Exercise directions: Using the entries that follow, transcribe only the lines from the line with "Busan, Korea - June" to the line with "Das Sideboard Sidebow", both included, exactly as they stand and without pictures.

Extracted data:
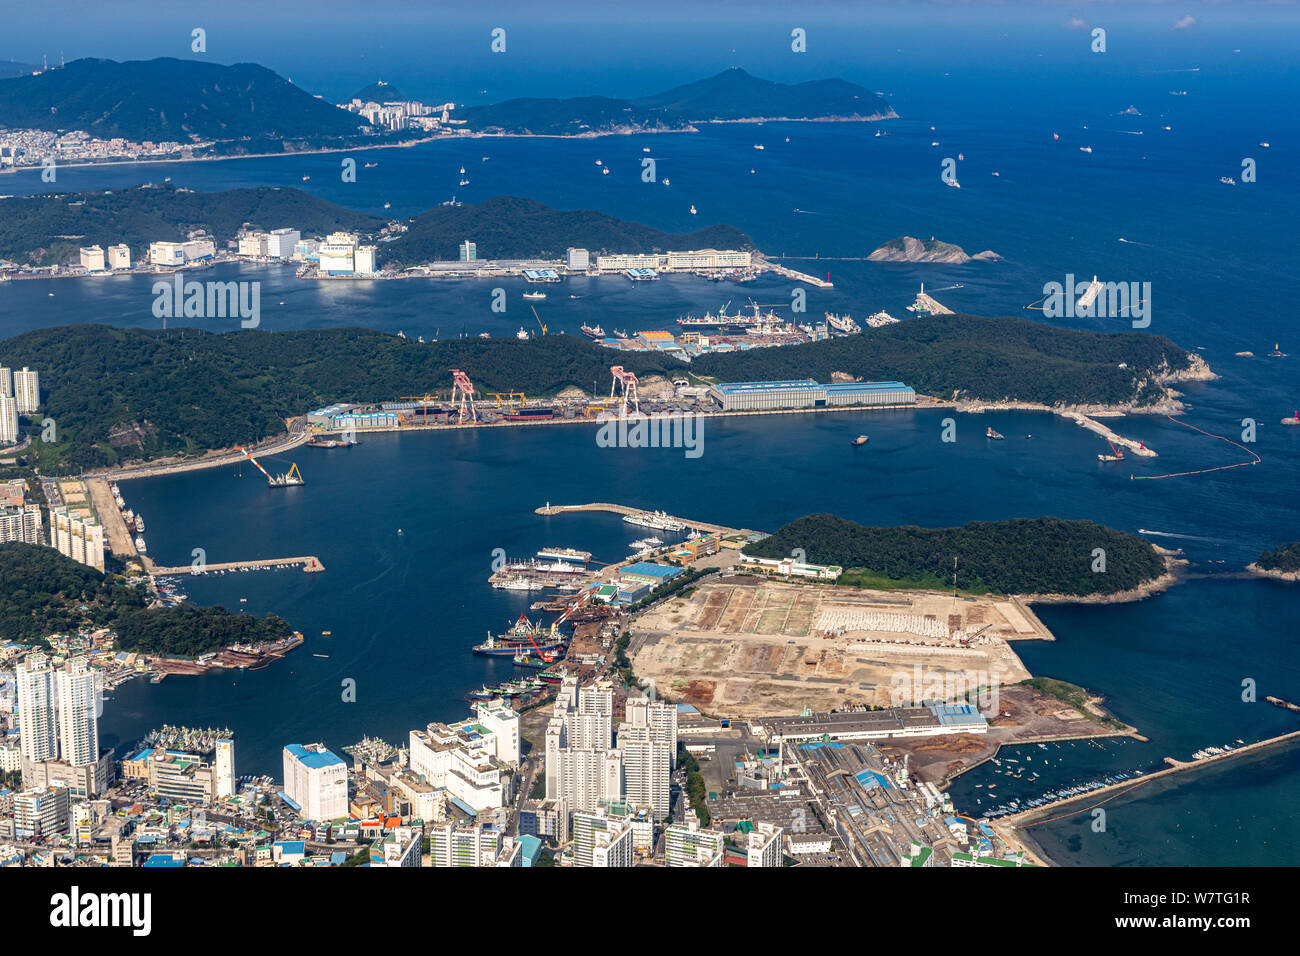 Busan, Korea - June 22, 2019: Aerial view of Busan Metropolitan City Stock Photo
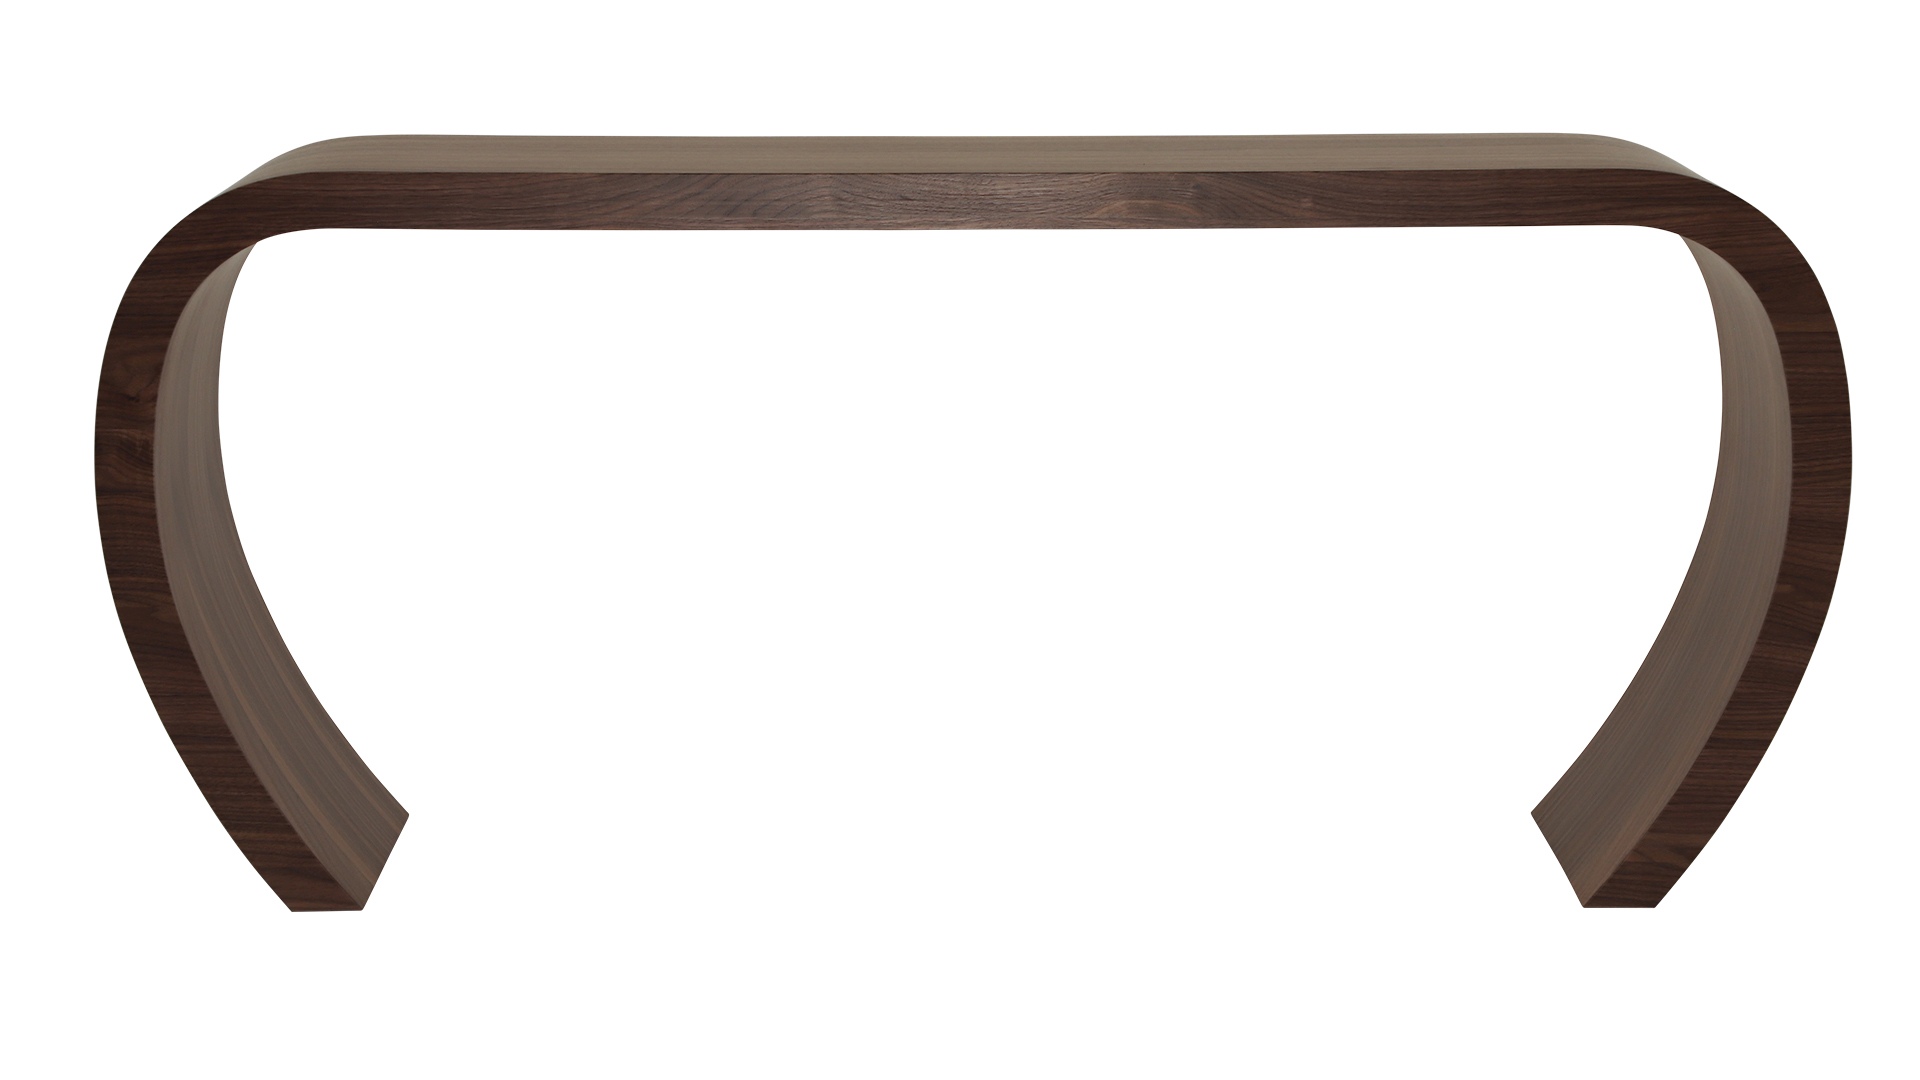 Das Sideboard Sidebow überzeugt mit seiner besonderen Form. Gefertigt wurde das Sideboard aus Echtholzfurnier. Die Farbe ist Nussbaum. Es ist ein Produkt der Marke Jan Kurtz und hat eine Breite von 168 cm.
--
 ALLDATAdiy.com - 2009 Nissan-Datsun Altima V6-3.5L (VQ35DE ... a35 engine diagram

Exercise response:
 Busan, Korea - June 22, 2019: Aerial view of Busan Metropolitan City Stock Photo
 Das Sideboard Sidebow überzeugt mit seiner besonderen Form. Gefertigt wurde das Sideboard aus Echtholzfurnier. Die Farbe ist Nussbaum. Es ist ein Produkt der Marke Jan Kurtz und hat eine Breite von 168 cm.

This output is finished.